The European Commission (EC) has announced a draft decision to impose up to 36.3% definitive countervailing duties on imports of battery electric vehicles (EVs) from China.
The draft rates are lower than the provisional duties published on 4 July and took effect on 5 July, the commission said on 20 August.
The Commission said that definitive measures must be imposed no later than four months after imposition of provisional duties and definitive findings will be published by 30 October 2024 at the latest.
It granted a lower individual duty rate of 9% to US EV maker Tesla as it was classified as an exporter from China at this stage, down from the 20.8% provisional rate.
In a response to EC’s decision, China’s Ministry of Commerce said that the EU’s ruling discriminates between different types of Chinese companies which distorted the results of the investigation.
“The final ruling was based on the ‘facts’ unilaterally identified by the EU, rather than the facts recognized by both sides.
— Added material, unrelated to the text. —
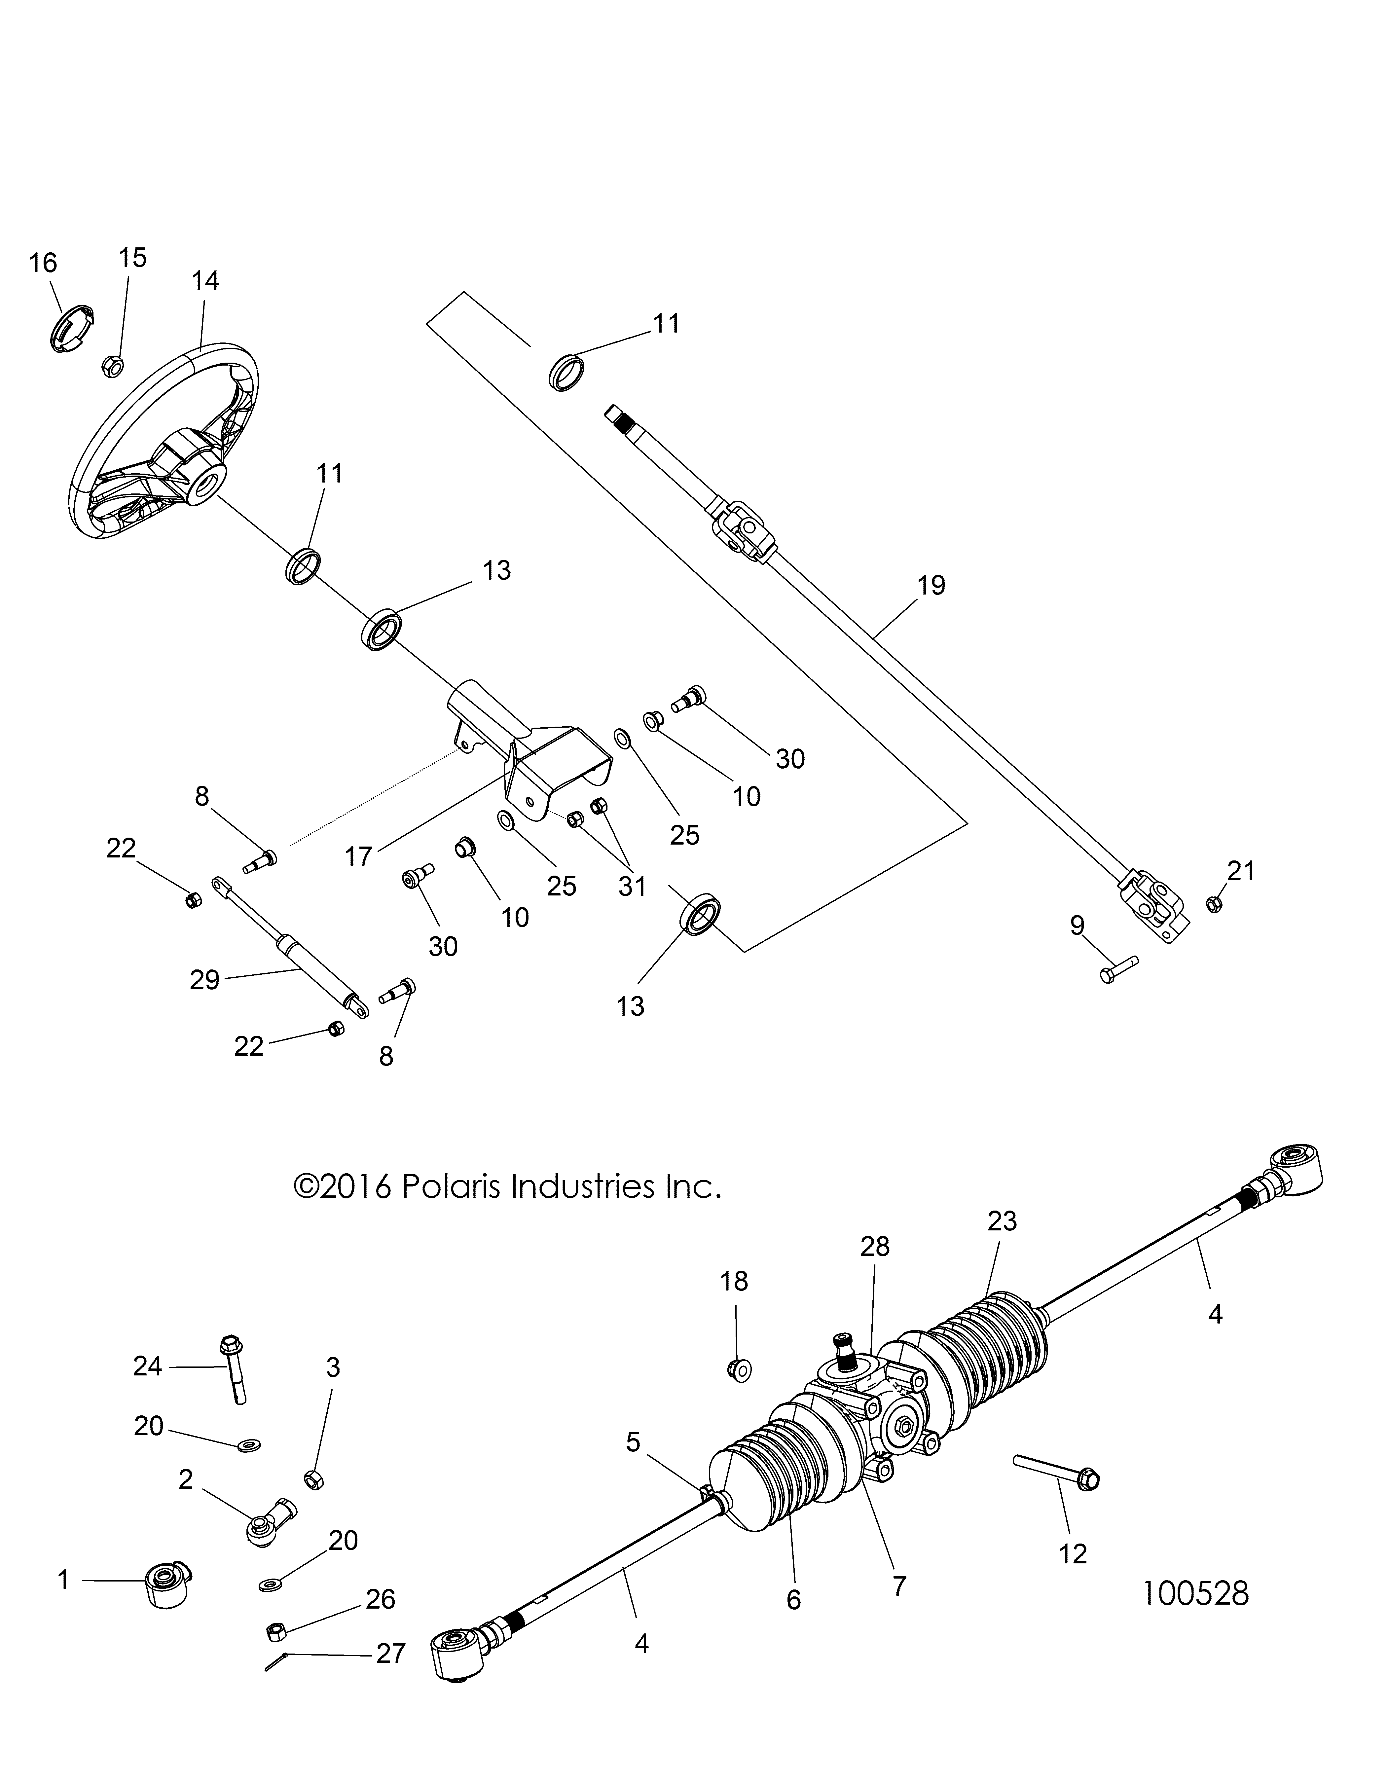 Foto diagrama Polaris que contem a peça 5412012

China firmly opposes this and is highly concerned,” the ministry said.
The China Association of Automotive Manufacturers (CAAM) voiced strong opposition to the decision, saying that the European Commission seriously “distorted the facts” of China’s EV industry.
The EU duties bring great risk and uncertainties to Chinese companies’ operations and investment in the bloc, damage their business confidence, as well as impact EU’s development of EV industry, the association said.
The automotive industry is a major global consumer of petrochemicals, which account for more than a third of the raw material costs of an average vehicle.
EVs and associated battery markets provide growth opportunity for the chemical industry, with chemical producers separately developing battery materials, as well as specialty polymers and adhesives for the environment-friendly vehicles.